→ **DATASET CONTENT**
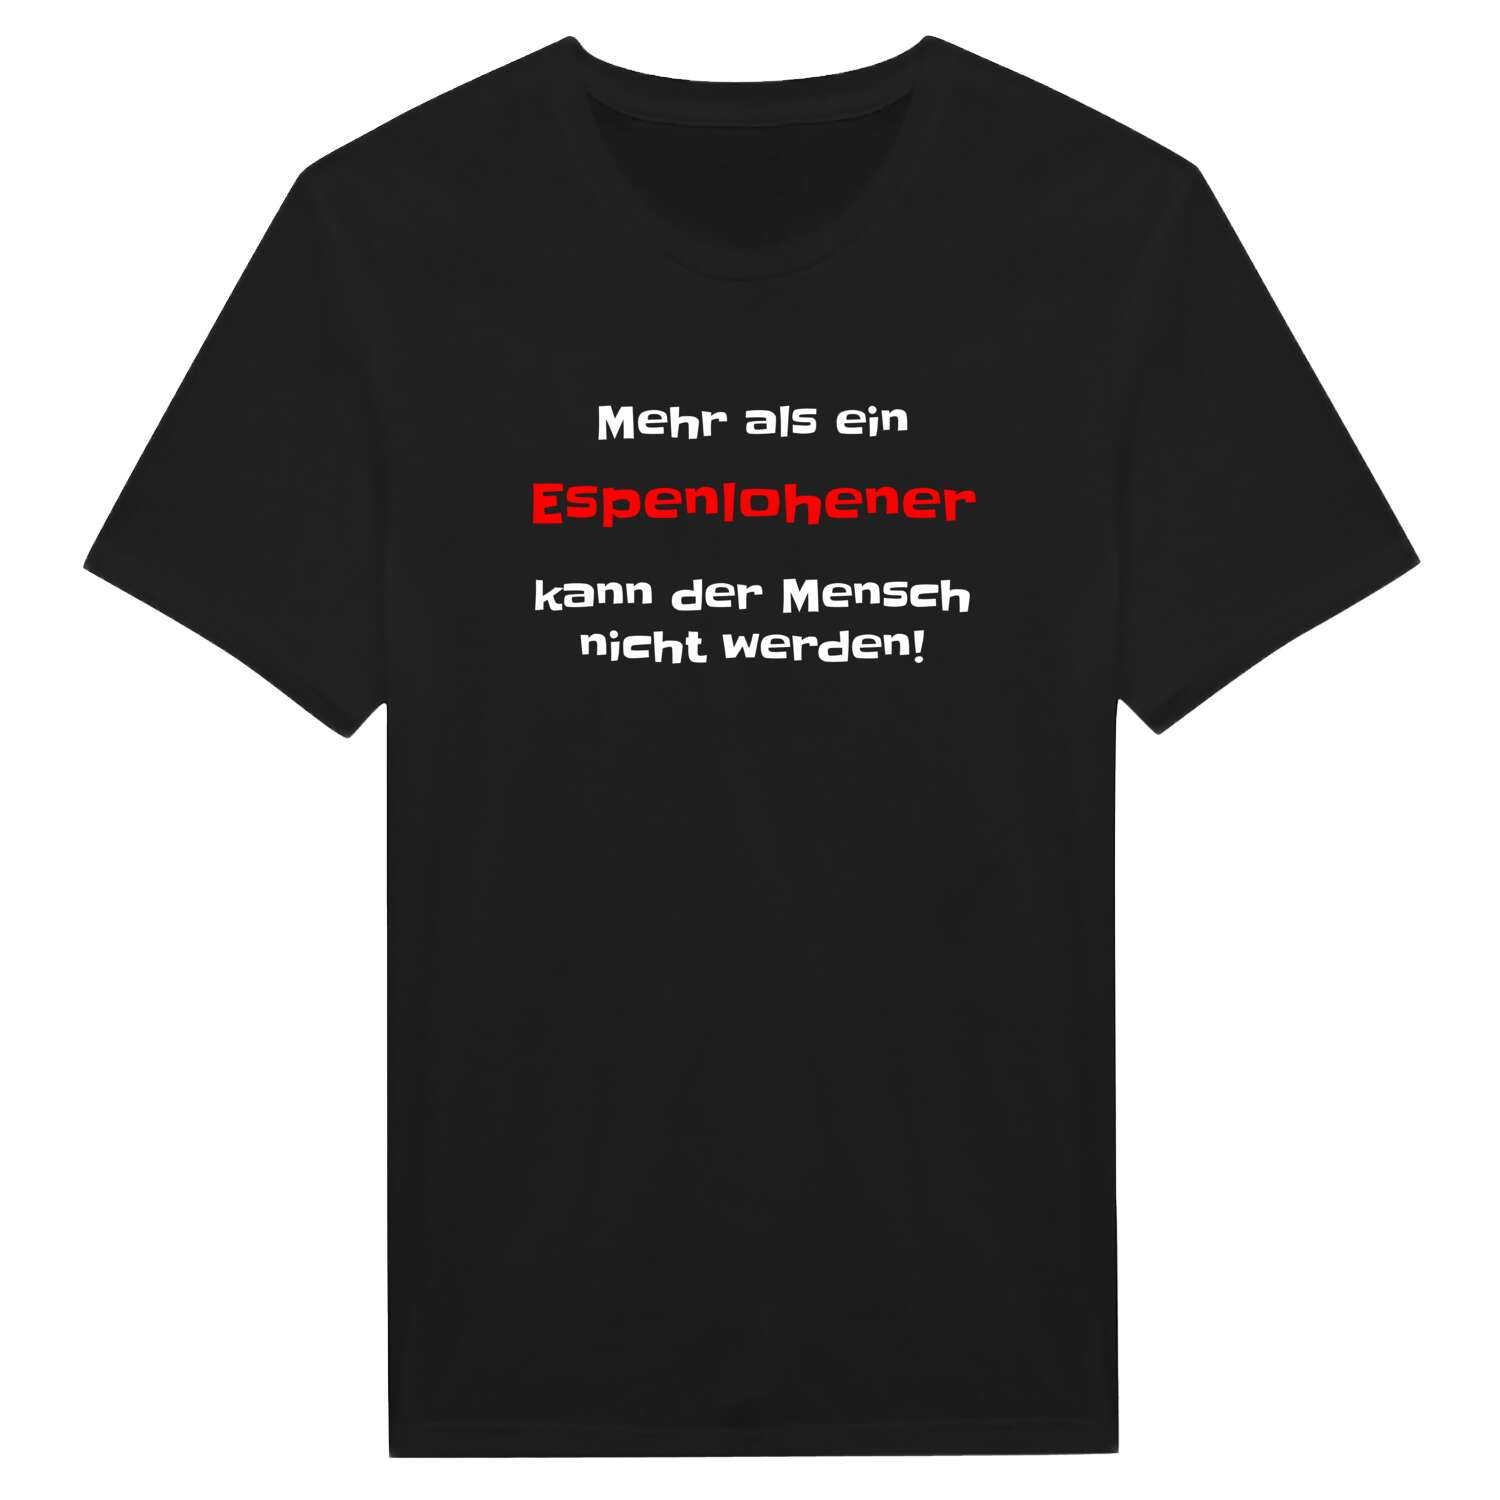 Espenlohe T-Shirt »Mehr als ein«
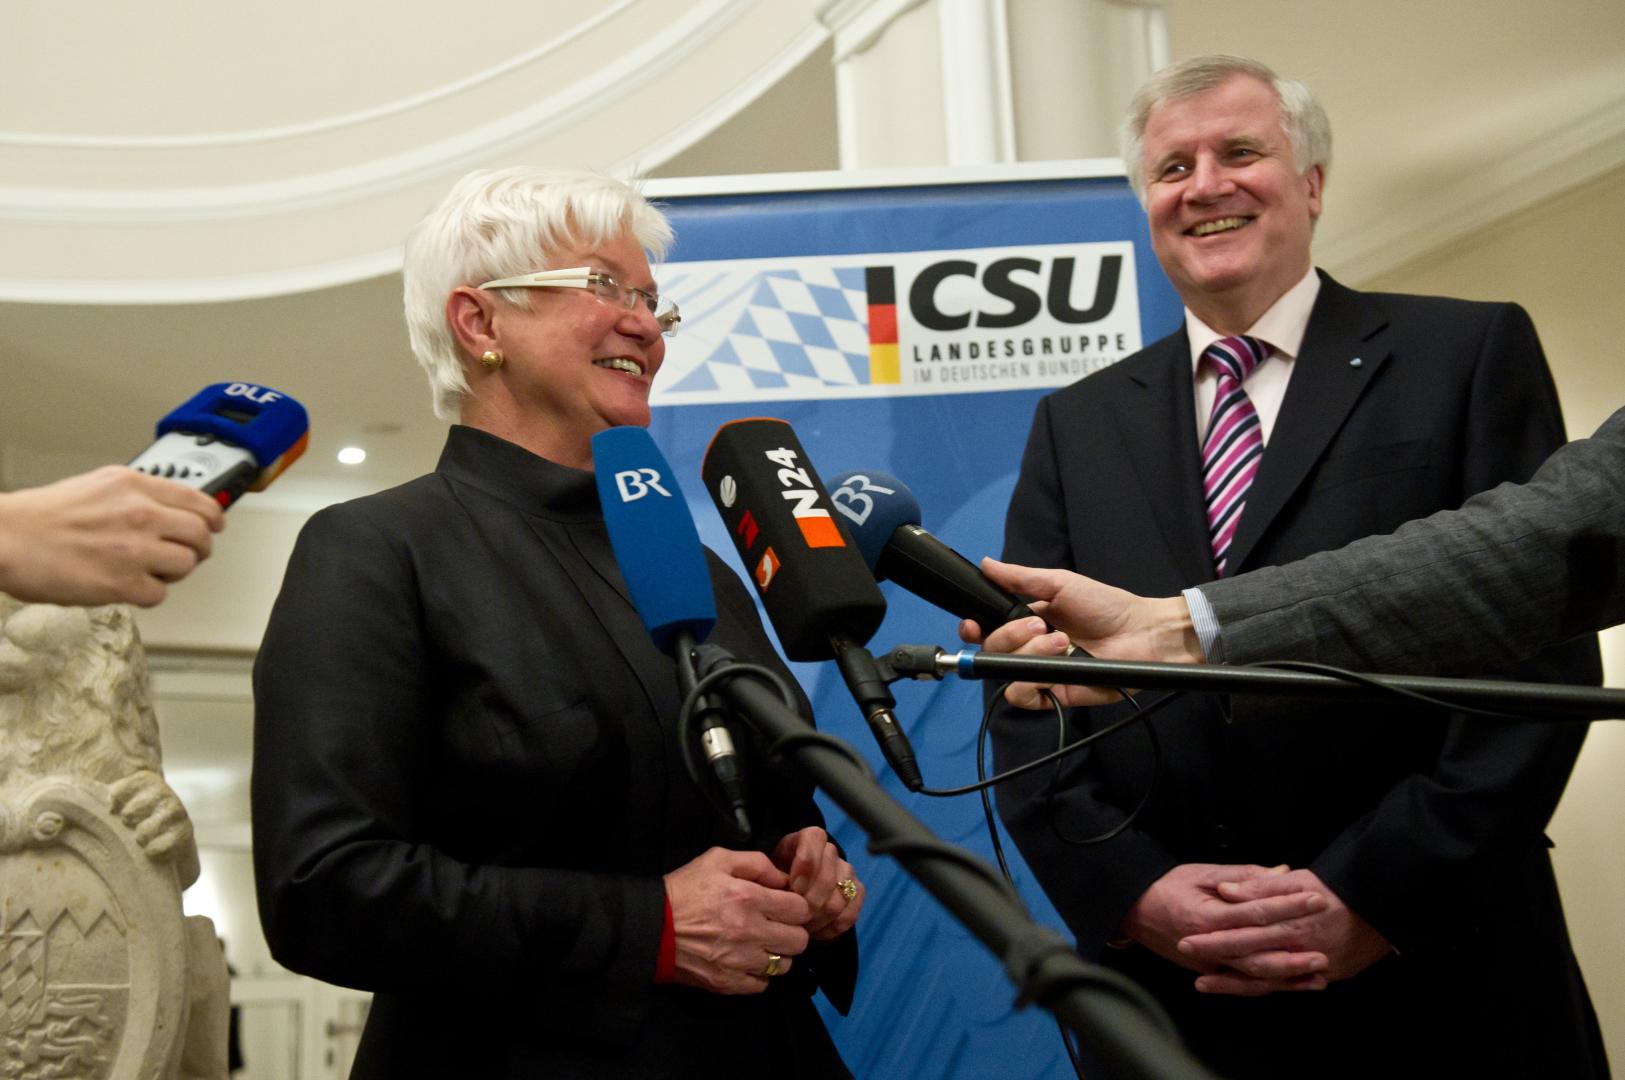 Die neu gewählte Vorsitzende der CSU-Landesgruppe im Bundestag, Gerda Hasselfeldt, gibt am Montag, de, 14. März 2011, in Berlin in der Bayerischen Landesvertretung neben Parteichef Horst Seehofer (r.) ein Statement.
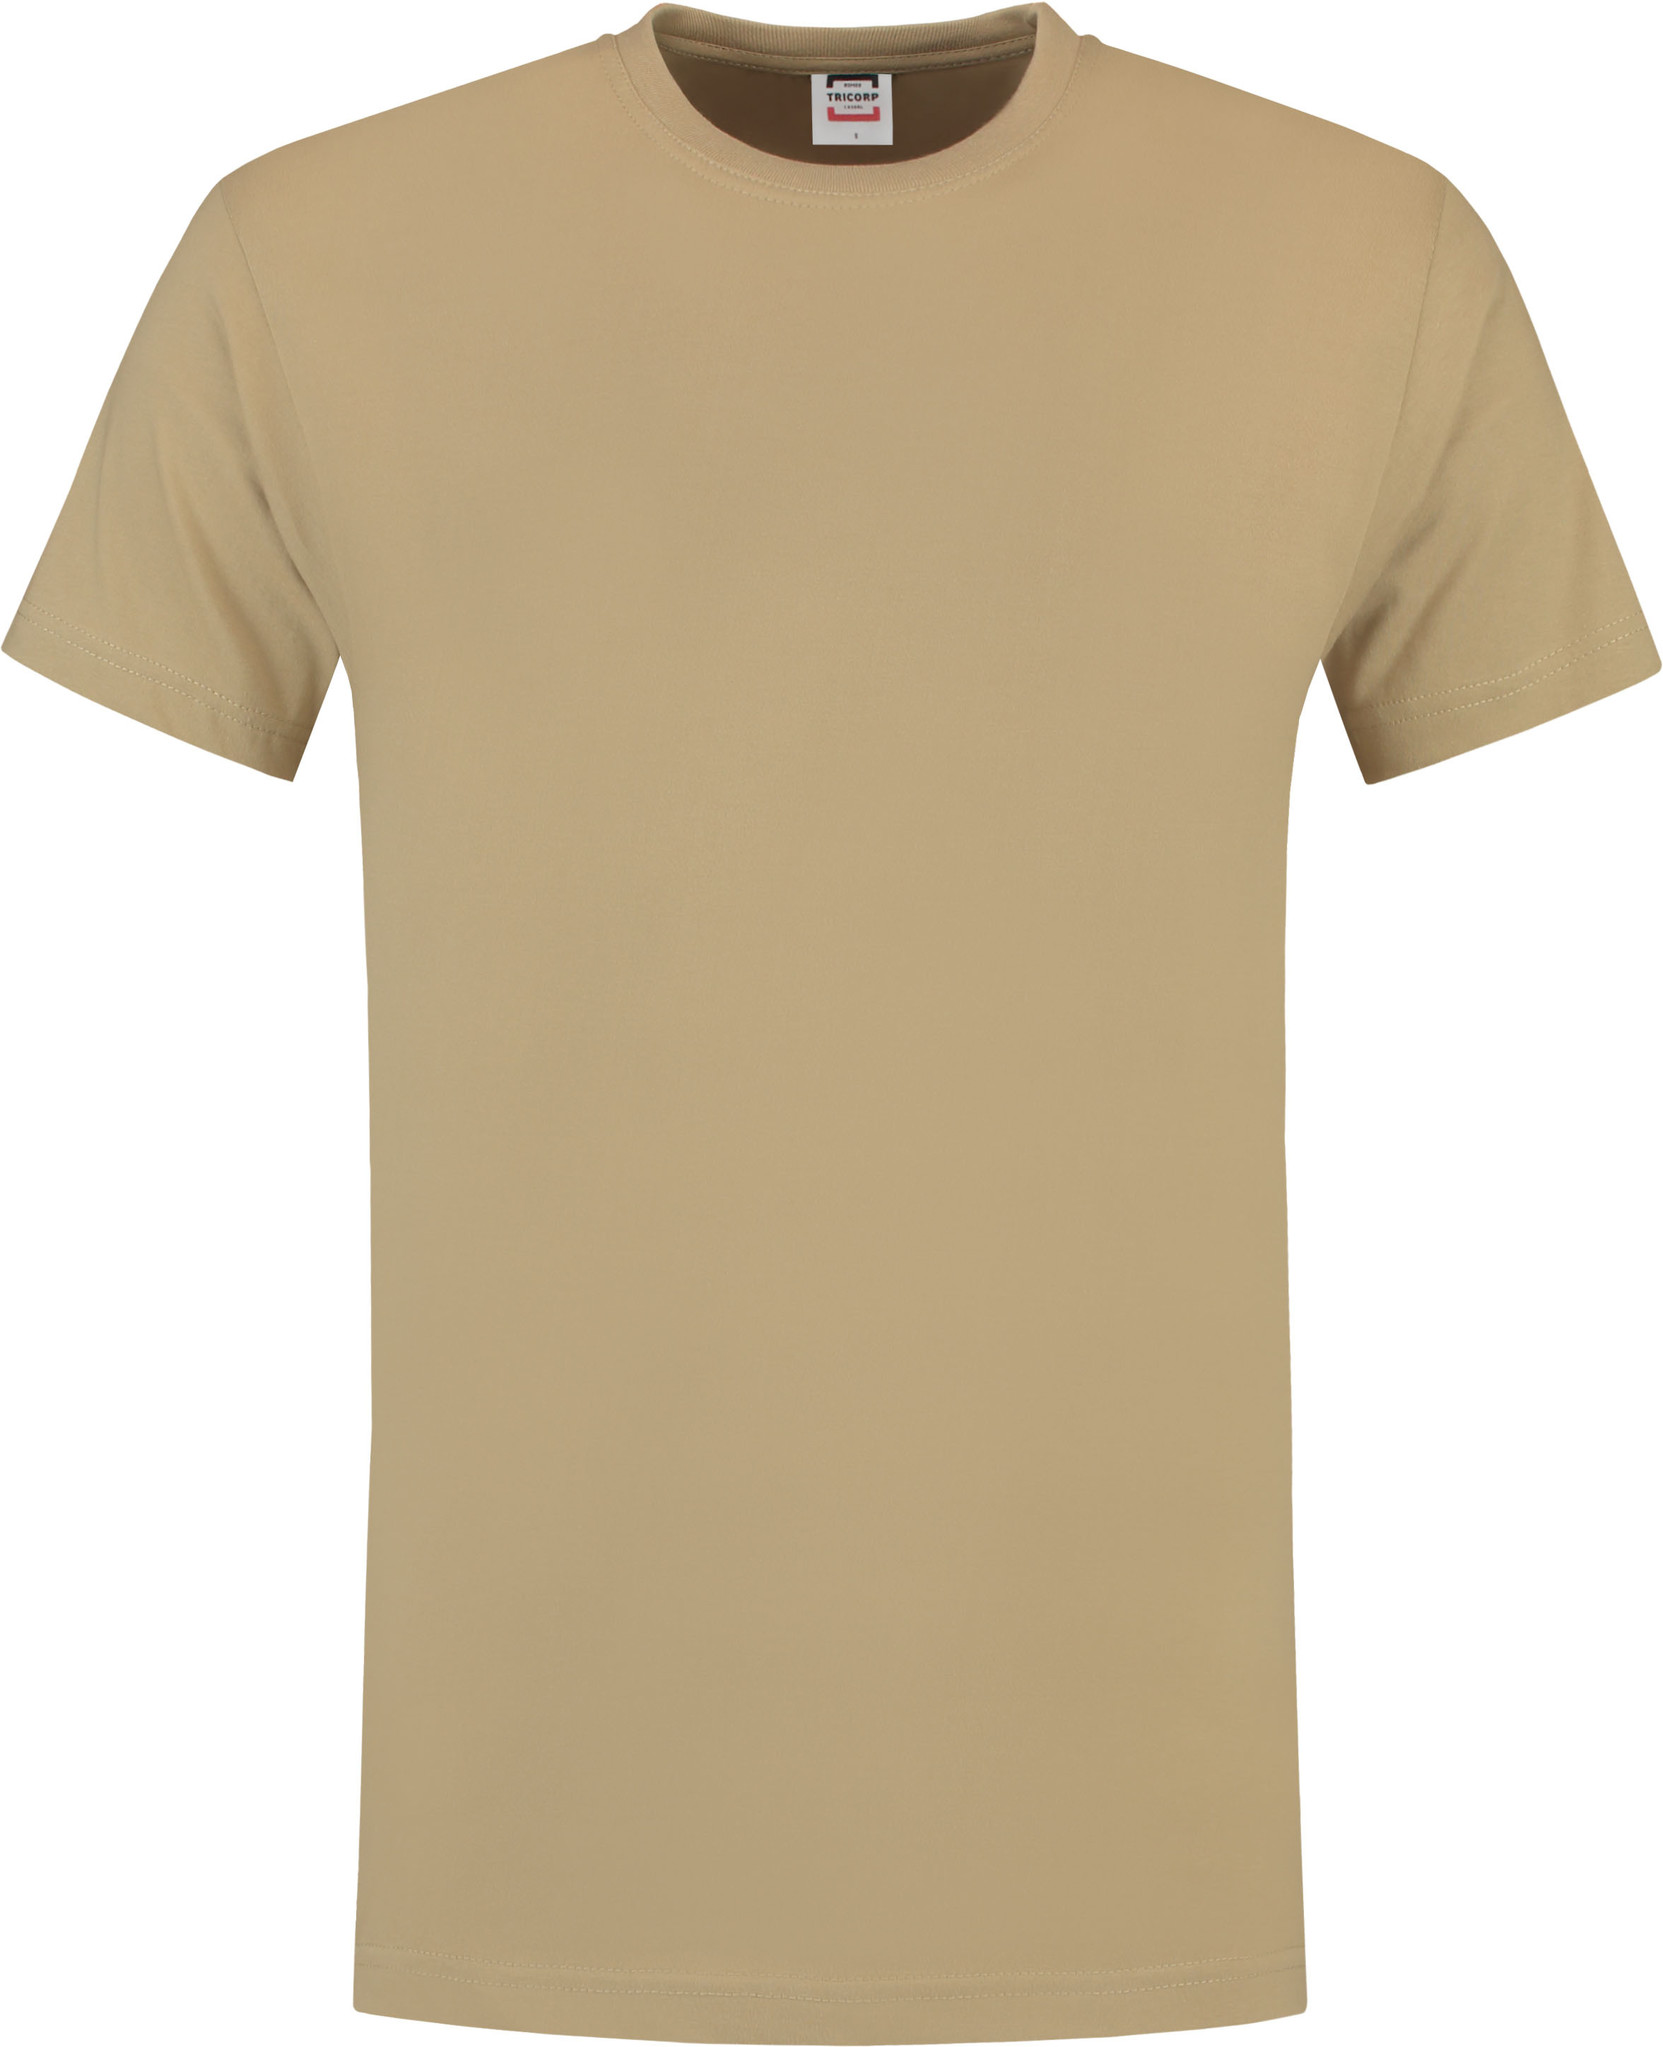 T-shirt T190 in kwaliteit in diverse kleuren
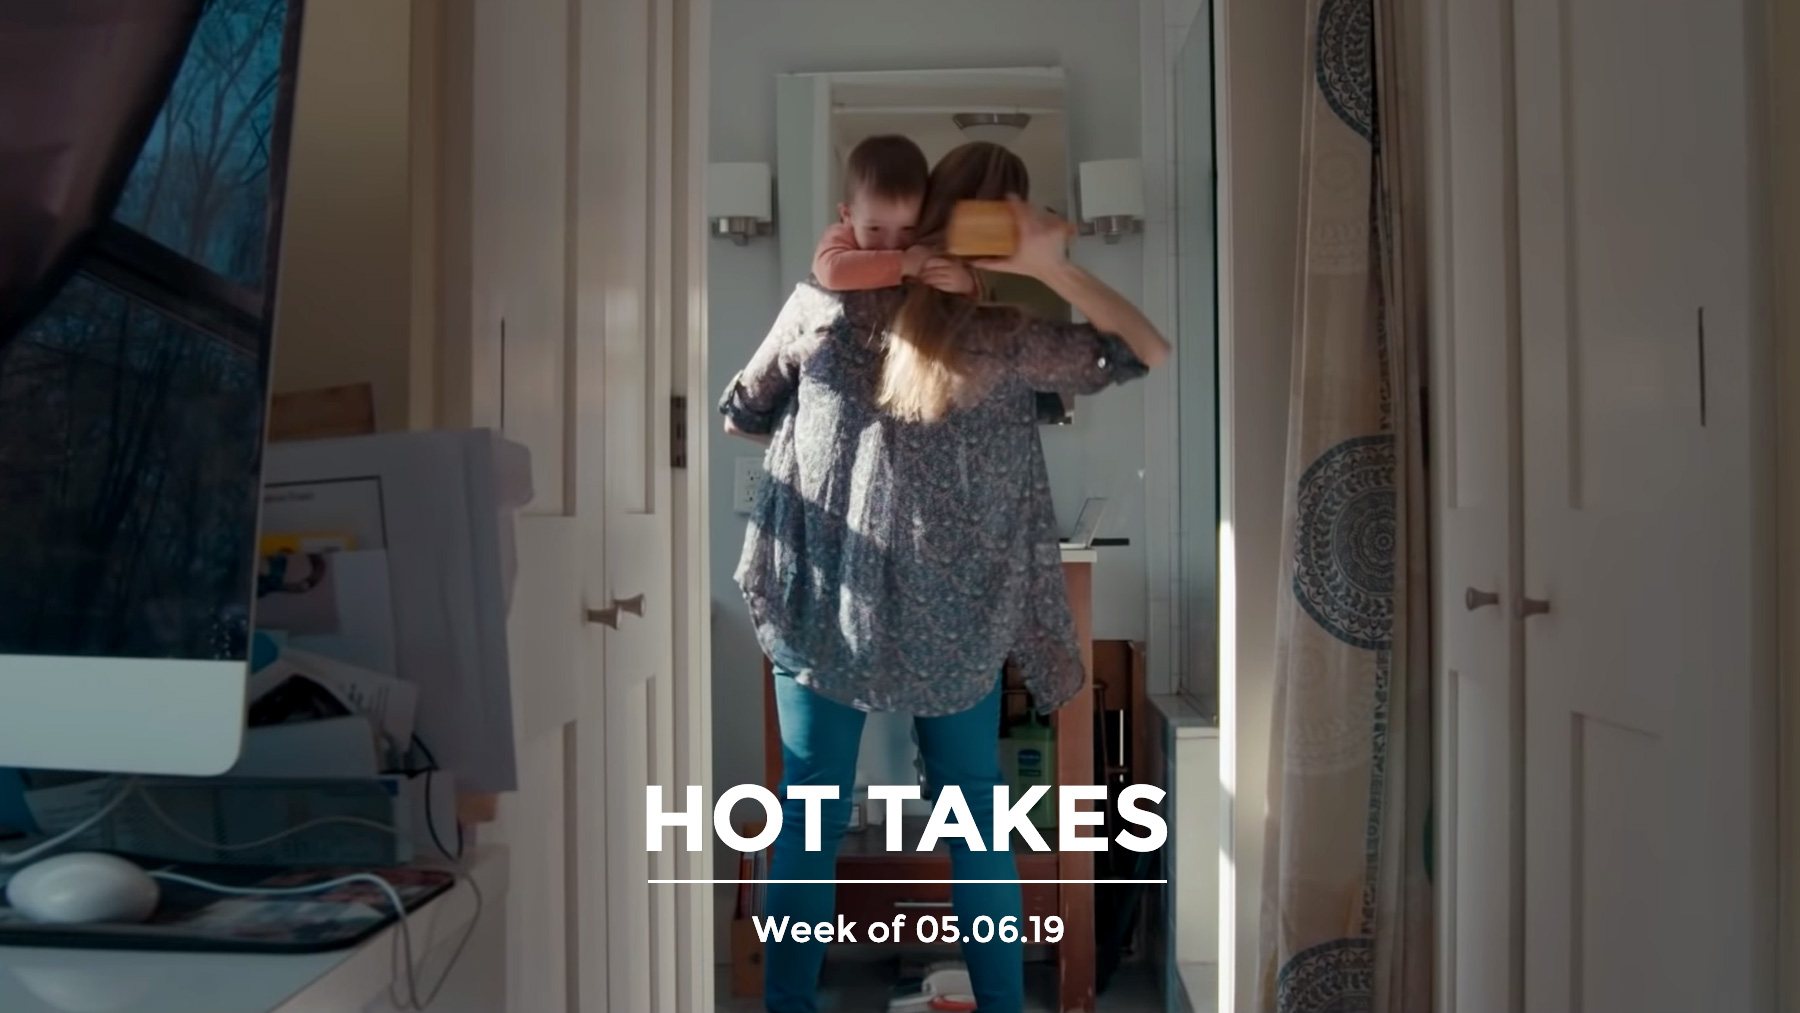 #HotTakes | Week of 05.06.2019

→ **WHAT THIS TASK INVOLVES**
Every line from the one containing "T-shirt T190 in kwaliteit in diverse kleuren" through the last line of the data is to be retyped exactly, with nothing added and no pictures included.

→ **TASK RESPONSE**
 T-shirt T190 in kwaliteit in diverse kleuren
 #HotTakes | Week of 05.06.2019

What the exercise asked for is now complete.